Taking care of clients is nothing new to Soucie. Her career has included working for Allstate Insurance, as the company's first female national manager, plus owning her own nursing agency.
Born in northern Maine she knew by the time she was 5 years old that she wanted to live elsewhere Soucie has lived and worked in Massachusetts, Connecticut, Idaho, Nevada and California. She lived in the Bay Area for 18 years, but the one-hour commute to travel 14 miles took a toll.
"I love the mountains, and I'd had a place at Incline for years. Clients from the Bay Area were setting up offices in Reno and told me I should, so I did. I had bought my dream house, but I lived there just six weeks before moving to Reno.
"After four months, I sold everything in California. I knew I wouldn't make the money I did in the Bay Area, but you never see a Brinks truck following a hearse. You can't take it with you," she says.
But you can enjoy it in the present.
She and her husband, Bob Donovan, are avid travelers. Soucie counts Salzburg, Austria, as one of her favorite cities, and the couple joined the Sparks Chamber of Commerce on its trip to China this year. Her affinity for travel dovetails nicely with Soucie's ability to learn languages quickly. French is her first language ("Everyone in northern Maine speaks French," she says), and she learned English about the age of 16. Her first trip to Germany, she translated a menu so she could order her meal, having never studied the language.
Soucie has always been up for a challenge. At 23, she started taking tae kwon do. By the time she was 26, her instructor had her in the trials for Montreal Olympics.

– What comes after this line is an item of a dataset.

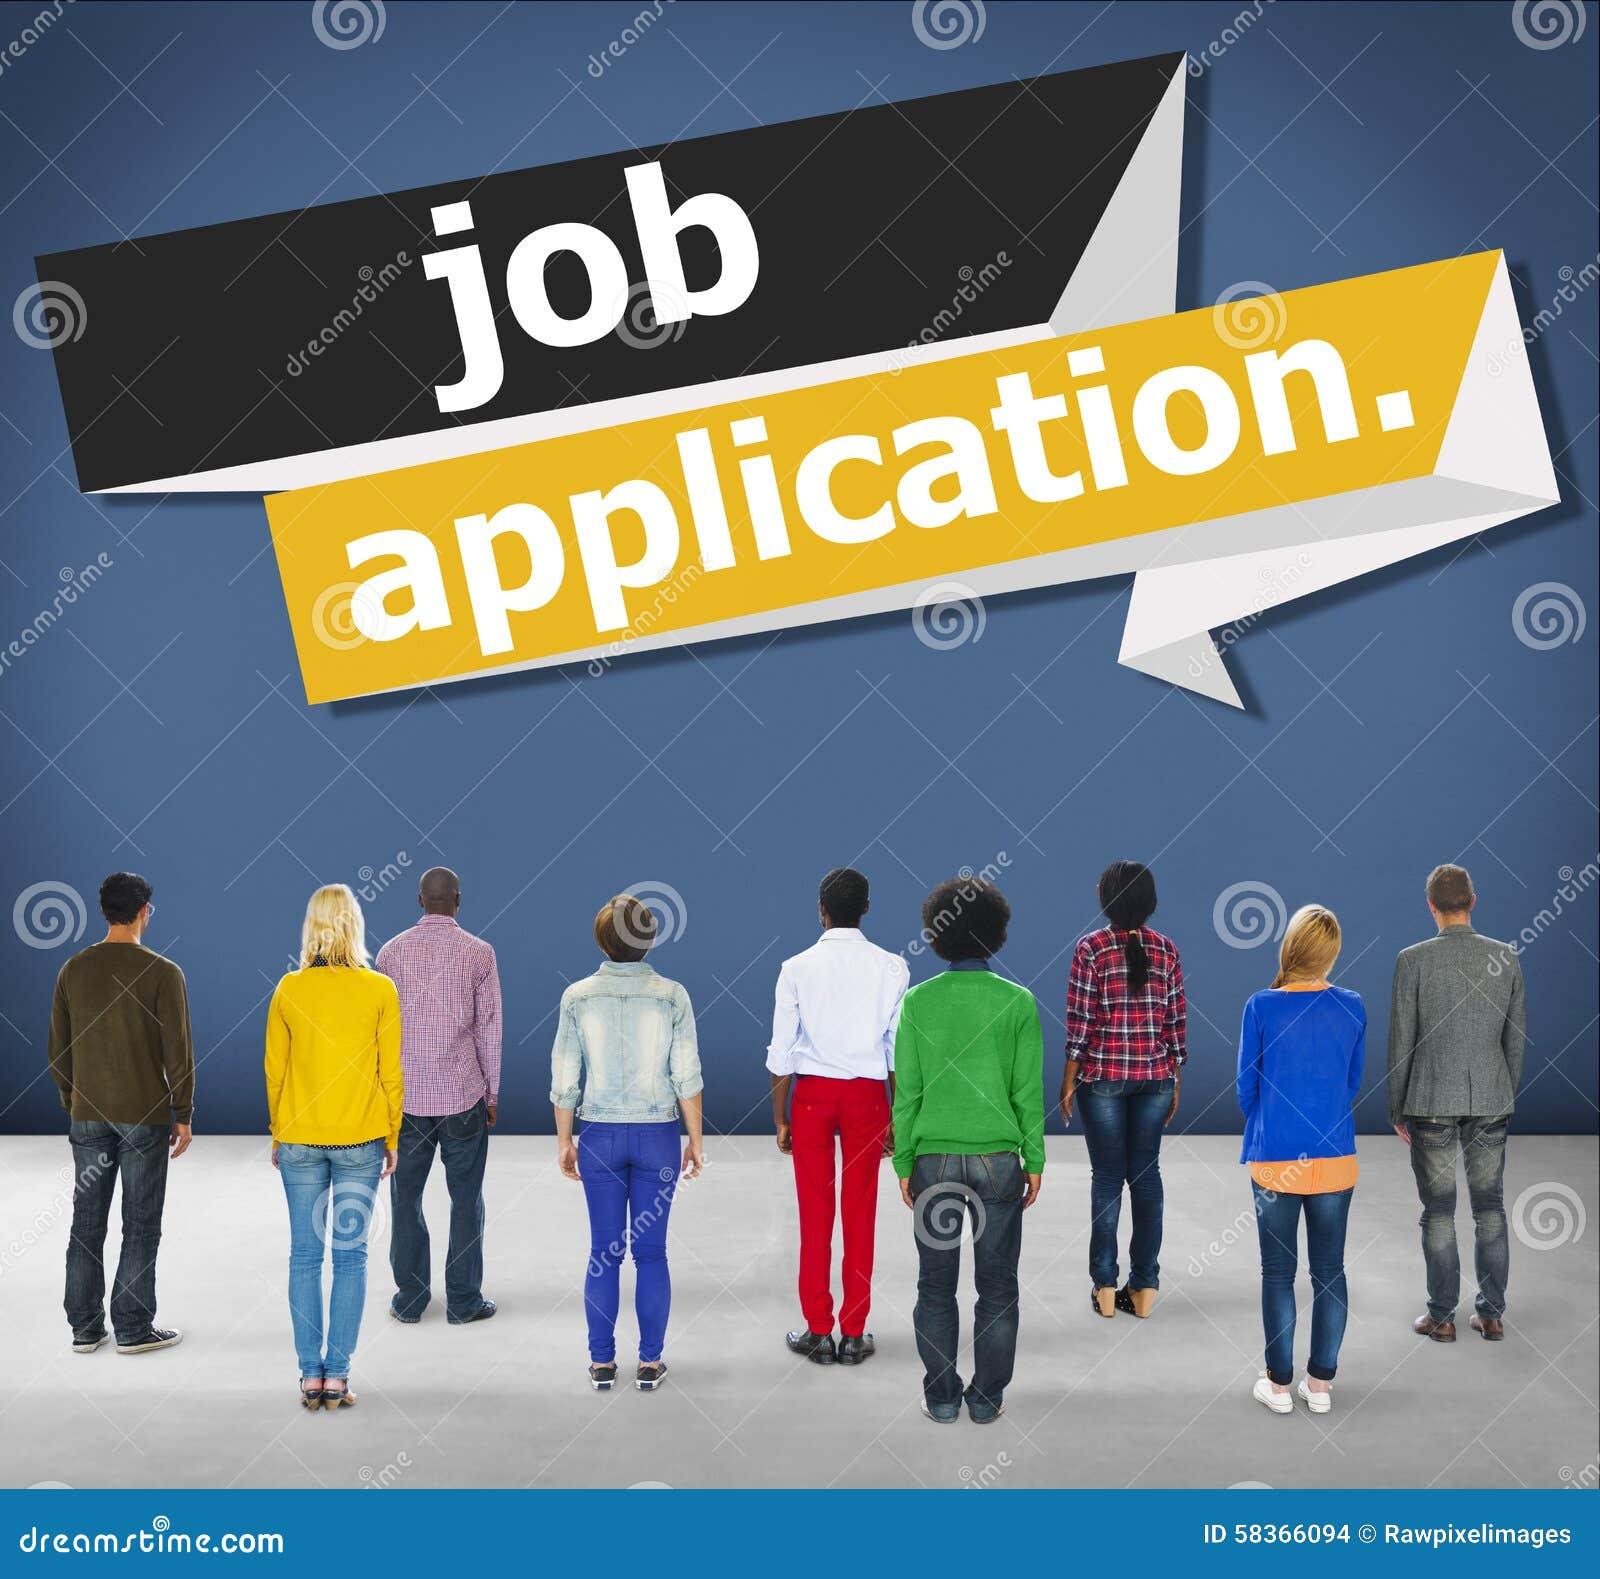 Job Application Applying Recruitment Occupation-Carrièreconcept

"I didn't make it, but I got to the trials," she says proudly. "I'm very persistent. I loved the discipline. You push yourself out of your comfort zone."
These days, her comfort zone includes regular visits to Maui. Soucie has had a timeshare there for 18 years, and makes an annual visit. This year, she and her husband will be joined by three of their grandchildren when they go for Christmas.
"We're not traveling as much as we'd like with the economy, but Hawaii is so affordable. There's a Costco across from the airport, and when the grandkids come we go there and stock up for the trip," she says.
For the woman whose favorite book is John F. Kennedy's "Profiles in Courage," braving the lines at Costco with three kids in tow is a piece of cake.
The seeker
Who: Marie Soucie
What: President,MCSS Ltd.
Family: Husband, Bob Donovan. Two sons, one stepson, one stepdaughter and nine grandchildren.
She says: "Trust is the best policy."